Keep praying for us!

8 Responses to “Update on us 4/25/11”

  1. steven morey April 25, 2011 at 7:11 pm #

    It is so heart-warming to read the updates. I really like the one about the dented van, and how you both just laughed it off, I got a great laugh out of it 🙂
    God Bless!!

  2. Joey Feltz April 25, 2011 at 7:43 pm #

    You are choosing your attitude! It is a blessing to see how you choose to rejoice in the smallest things, even though they could drive you crazy! Keep leaning hard on the Lord, just as you have been doing! I am praying for you all this afternoon in a special way! How is the sleep, by the way? xo

  3. Codie April 25, 2011 at 8:24 pm #

    Thanks for the update; I still enjoy reading them although they are fewer and farther between….. That is a good thing though since life is falling back into a routine that is being established as the new “normal”. How is that book coming by the way? 🙂 Glad that you guys had a wonderful Easter, and you are both such a blessing to the music at church.

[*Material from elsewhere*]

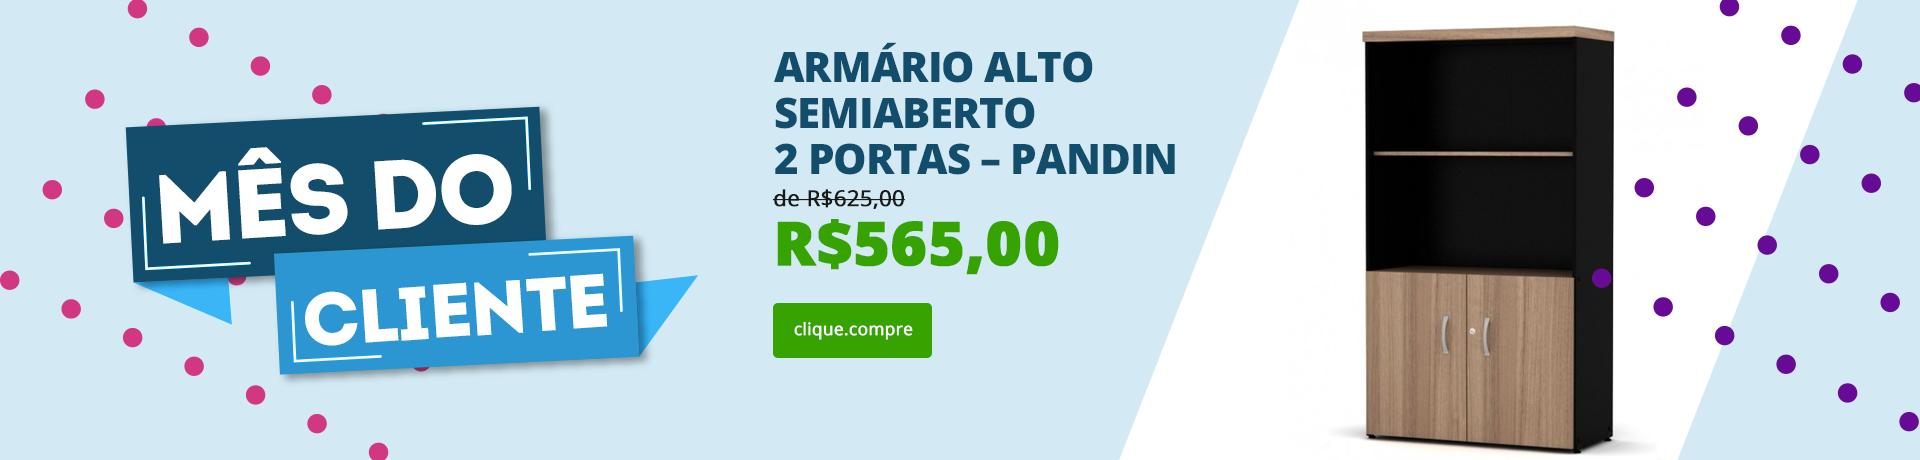 Armário Alto Semiaberto 2 portas – Pandin

Thanks for the reminder to choose thankfulness in all things in our lives – I needed that today.

  4. marty April 26, 2011 at 1:11 am #

    Our 21 yr old was born having seizures and she has a brain injury its very hard due to she is normal looking but functions as a 16 yrs old and it kills her some days she ask God why alot she cant drive but we r trying to teach her and her eyes dont work together and that makes it hard also.We r praying for u and your family.

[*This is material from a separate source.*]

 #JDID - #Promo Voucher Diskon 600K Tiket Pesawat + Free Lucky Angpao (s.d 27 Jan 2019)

  5. Dara April 26, 2011 at 8:47 pm #

    so glad you laughed it off about the van! good point….cant take it with (and why would you want to?! I bet we’ll be able to fly at that point) 😛

    Graham is doing fantastic… I never realized what a big deal his vision is regarding every move he makes. wow! I don’t notice him struggling as he walks around, etc at church… I know that I don’t see him that much/know him that well, but I’m sure that if i were seeing double I would feel more comfortable crawling on all fours to get where I needed to go!

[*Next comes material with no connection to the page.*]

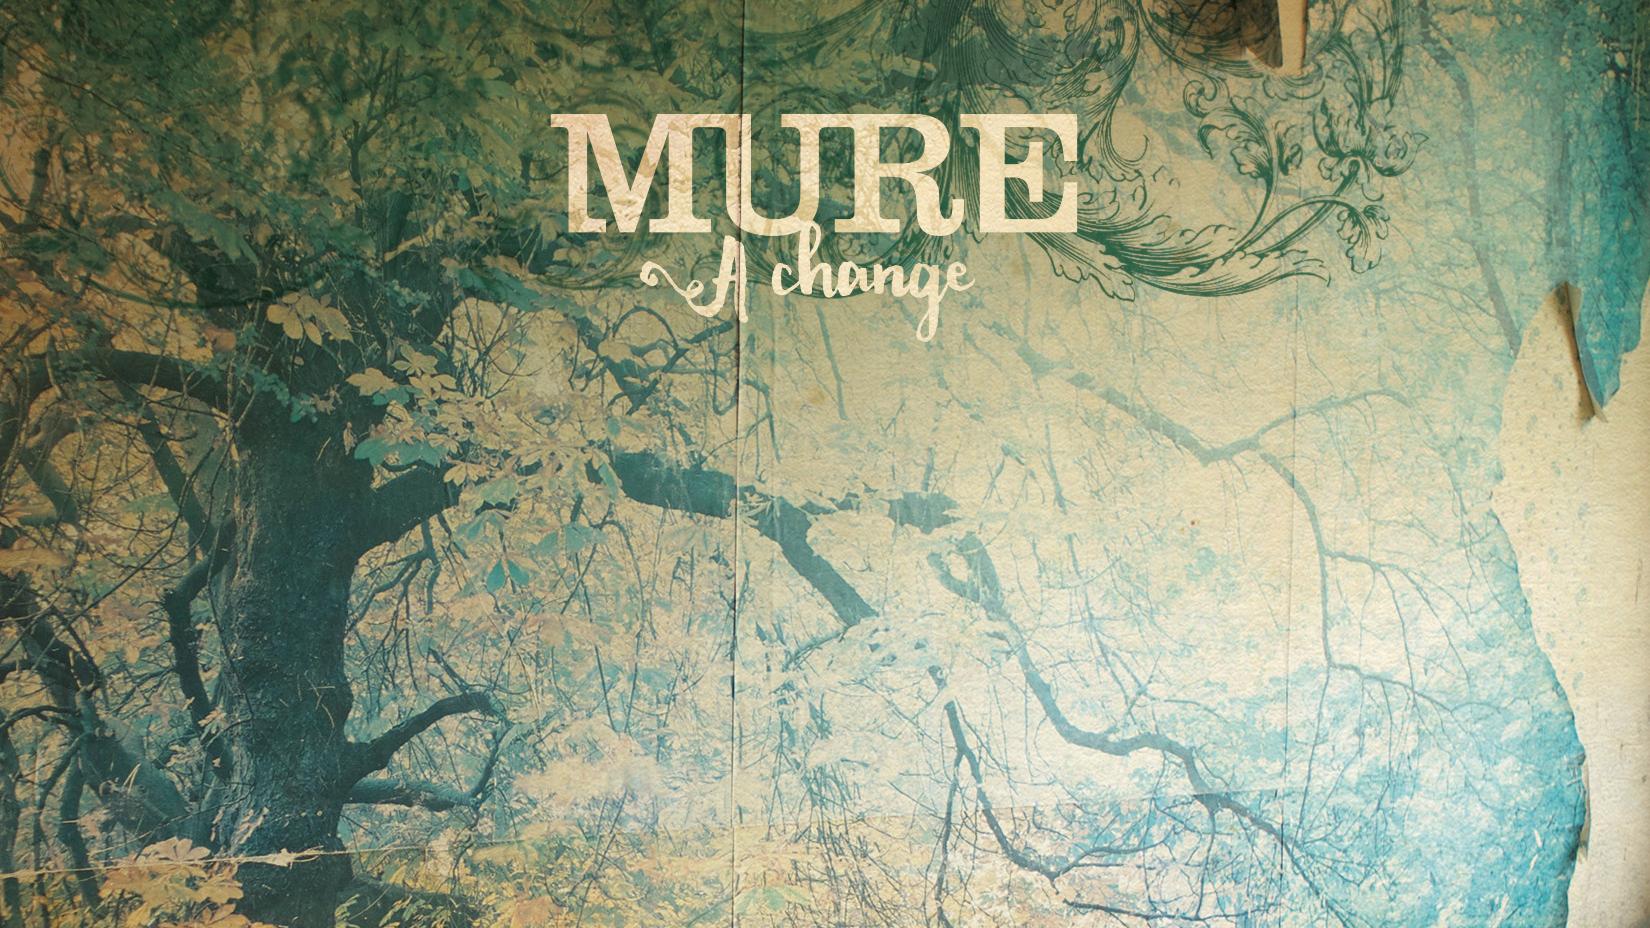 MURE-a_change-couv_digipack-1516734556.jpg

    thank you for the update, and as always…for your honesty in how the new home life is going! Praying for you guys!
    love in Christ ❤

  6. Carlos Hidalgo April 28, 2011 at 4:46 am #

    Randi: Hooray for you! Hooray for Graham! And most of all Hooray for our gracious Lord!
    God bless you
    Carlos

  7. L Lawrence April 29, 2011 at 12:38 pm #

    I love the pics. The one of Keith reminds me of how accepting children really are. Daddy is daddy the same as Uncle Joshie is Uncle Joshie to Amber’s two. They never have known the difference. We continue to pray for all of you…Laureen Lawrence

  8. becky hartwell May 1, 2011 at 3:00 am #

    So…today I spent 6 hours at Ellis with my daughter for something minor….and when i entered and exited I passed the sign “this way to sunnyview” over one of the hallways…. To be honest…I hadn’t stopped to pray for you guys for over a month….TOday while i waited and then waited again and again I prayed for your family! Tonight I checked back in on your blog….I was a few posts behind…when i read the one about you biting…I laughed out loud…I bite too…it kind of makes lyle crazy…I tell him i can’t help it as my mom did the same to us and told us that was how mommy horses showed love to their children (I have no idea if that is true) ANYWAY…Im glad to hear Im not the only one….lol….LAST…what a blessing to read about Graham leading worship! PTL…Your family will be in our prayers for years to come!